No one can talk more while saying little of substance and so it is quite natural that Kent – the ultimate Johnny-Cab minister - was the centre of attention at a Thursday event announcing something called the Open Government Initiative. He took a microphone at one point and wandered around reading his script. The effect was far less impressive than that description makes it sound.
He was demonstrating technology that was a couple of decades old to do something that researchers have been doing for almost a century: ask a group of people to answer a bunch of questions. There was nothing new in it at all.
The group of people that took part in the event were all invited and about three quarters were Conservative politicians, bureaucrats, and Conservative political staffers. The rest were people from not-for-profits and a few reporters, who didn’t take one of the voting boxes. Kent posed the questions and the crowd pressed buttons to record their answers.
The really sharp ones among you have already figured out the big punch line in all this.
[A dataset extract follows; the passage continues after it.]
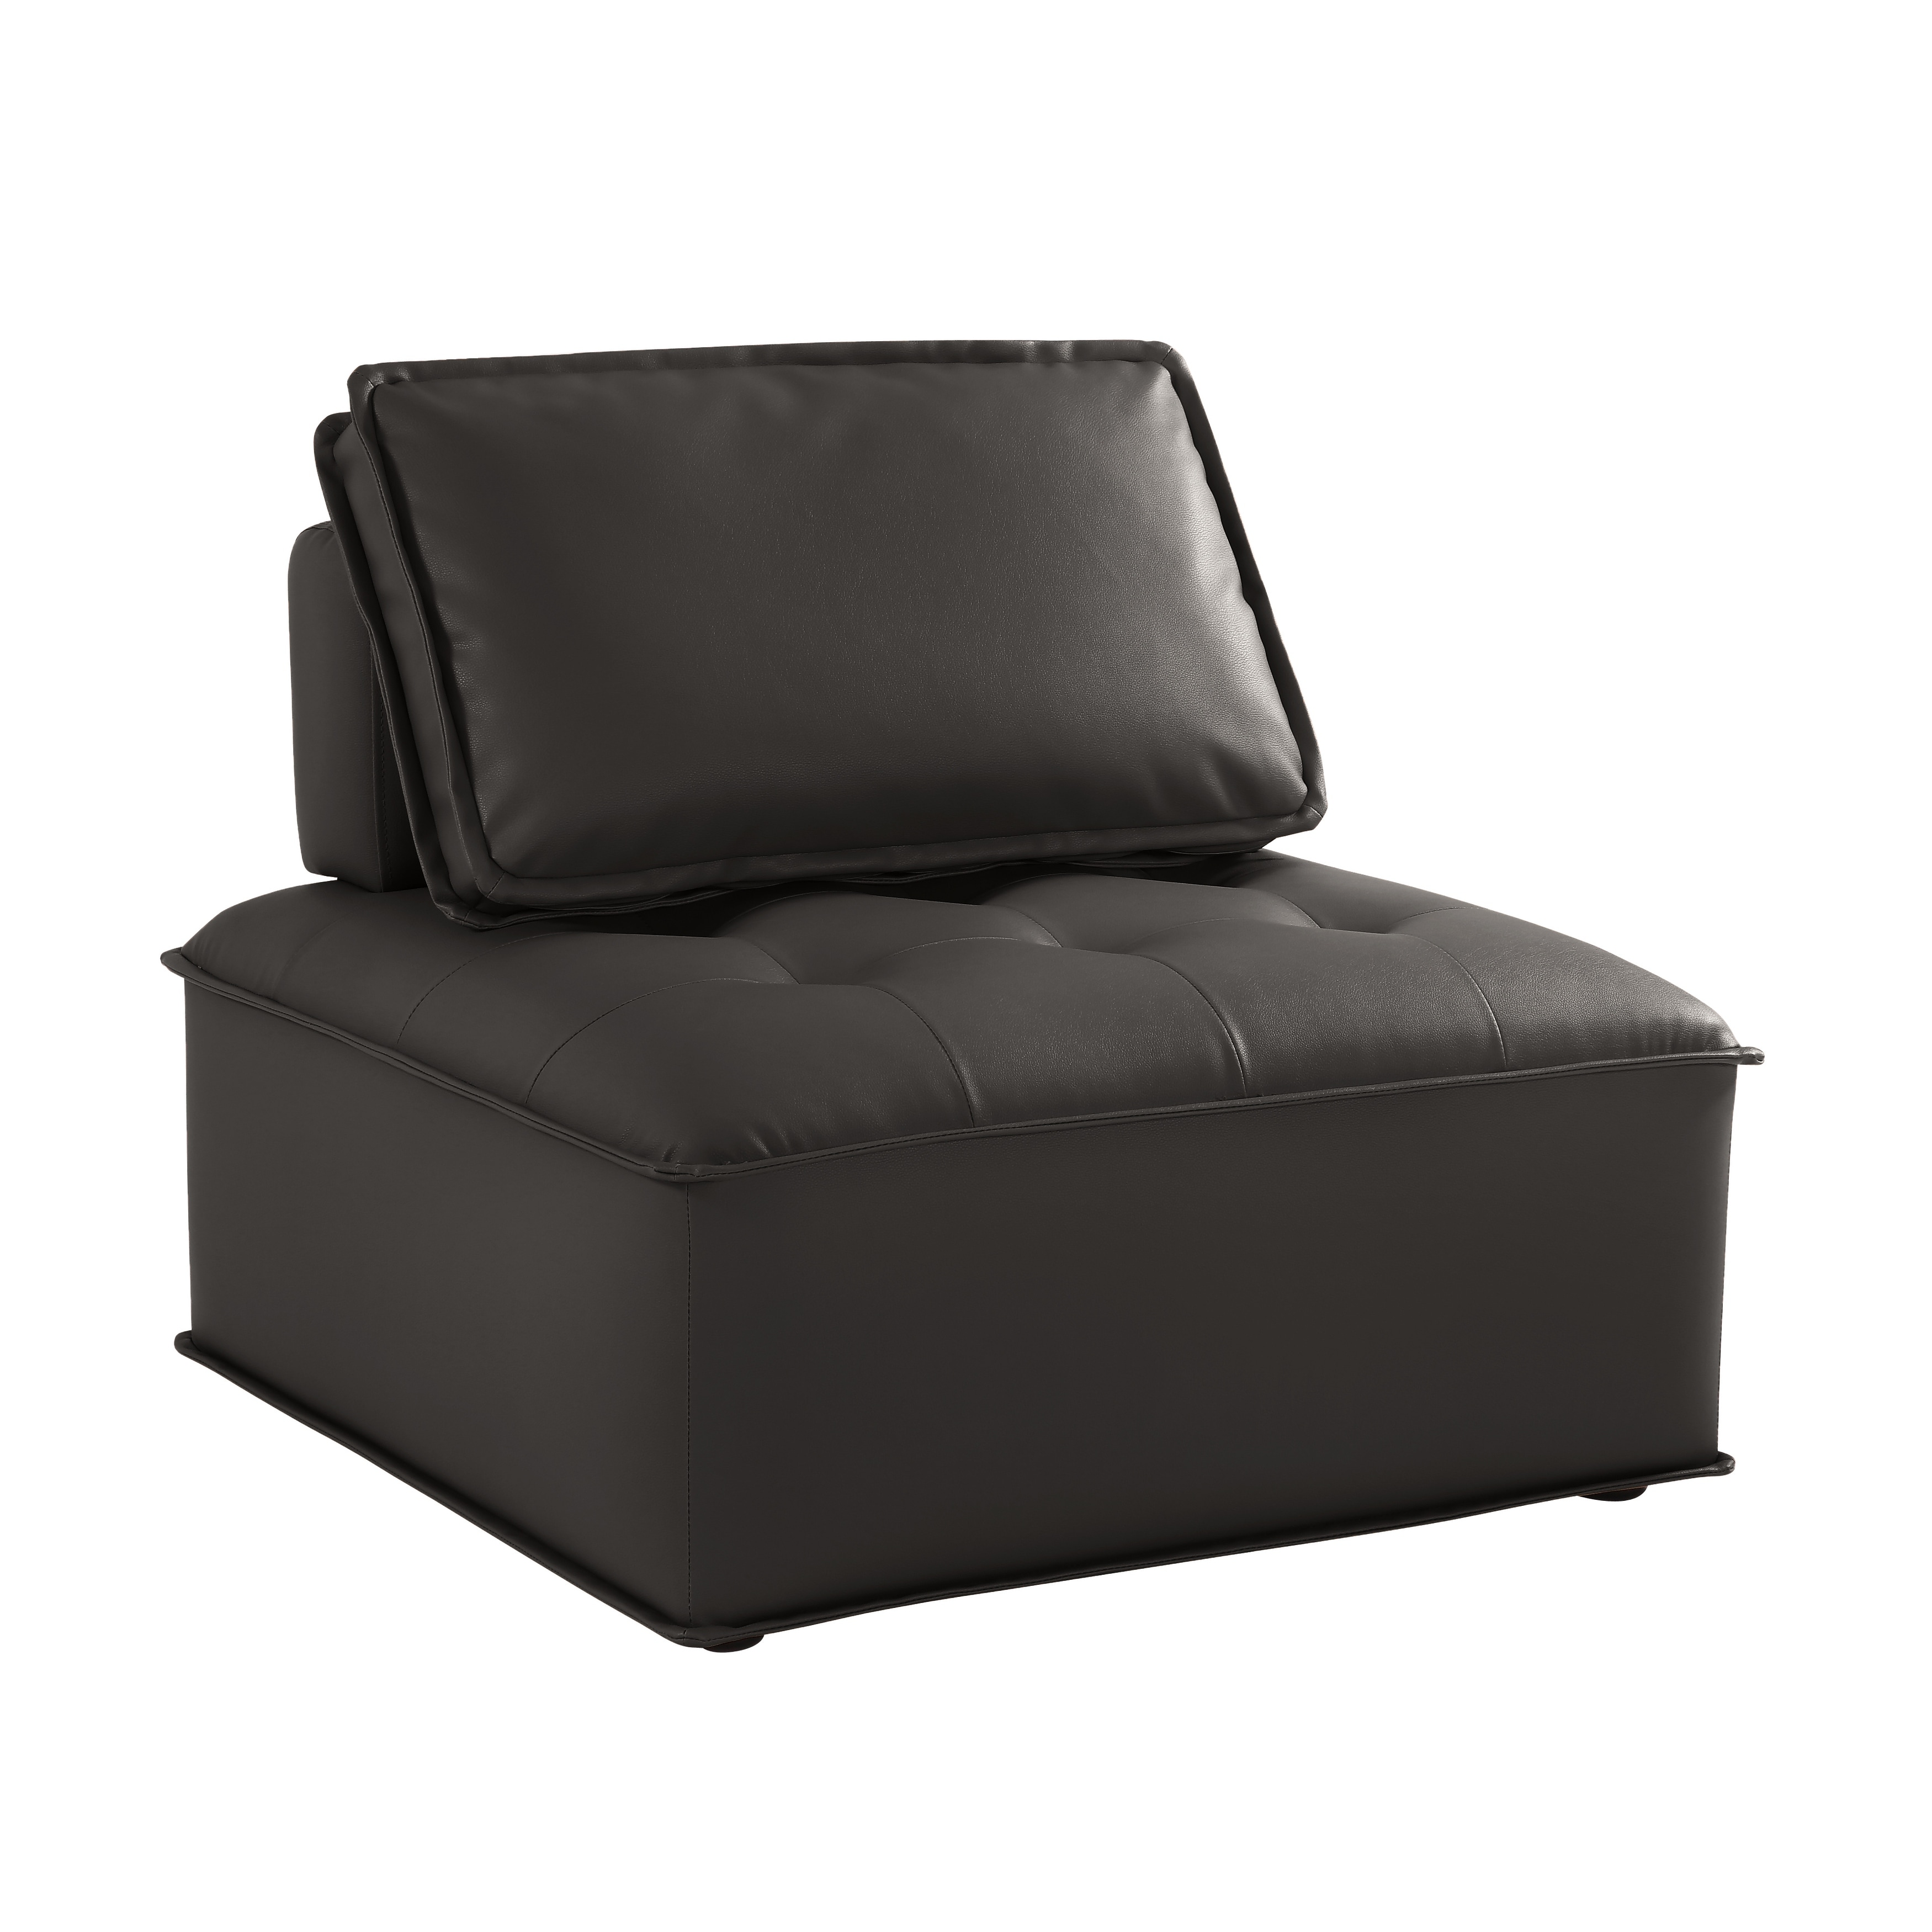 Stevig stok Plak opnieuw Modern Lounge Chairs Single Sofa Chair, Leather Upholstered Backrest and  Seat Cushion - Overstock - 36951721

The political party that has sustained itself in office for the past decade by rigging polls used the ultimate rigged poll as a tool to show how they had – supposedly - completely reformed their ways.
That wasn’t the only groaner of the day, either.
The Conservatives promised in 2003 to release reports for government within 30 days of getting them.
So far the Conservatives have honoured their promise in the breach rather than the observance.
And so it remained on the day they launched the Great Openness Initiative: a news release trumpeting the release of a housing needs assessment in Nunatsiavut didn’t actually involve releasing the report.
The truly sad part about the stunt on Thursday is not Steve Kent’s poor imitation of Damian Killian.
Nor is it the $4,566 the stunt cost the taxpayers.
No.
The truly sad part about the event is that if the provincial Conservatives were sincere in their efforts both to run an open and transparent government and win back public trust in their intentions, they only had to do something.
Not promise to do something in the future, which is what Thursday’s stunt was.
Do something now.
You see, the idea of open data isn’t new. Lots of governments have information that people can use to find new mineral deposits, to research disease patterns, study populations and what people are doing. Government has all sorts of information. Unfortunately, it is mostly locked away both literally in the sense of file rooms and locked cabinets and figuratively in the sense of attitudes that make it hard for people to get the information.
So all a government would have to do is more thing like they do already with Community Accounts.
Open information? Well, that’s another thing the provincial government could just do, rather than think about it or talk about. Just do it. They could start by giving people information rather than trying to charge them more than $1,600 for simple facts and figures that should be readily available as part of the Open Data or Open Information “pillars” of the Open Government Initiative Steve Kent announced on Thursday.
This would be the same Steve Kent, incidentally, who - knowing that the OGI was coming - less than a month ago insisted that people had to pay for information on how much money government spent on advertising.
It’s the huge gap between what Steve Kent and his associates say and what they do that’s been causing them a problem with voters in the first place.
You see, talk is cheap.
And talk is - quite obviously - all Steve Kent has ever had.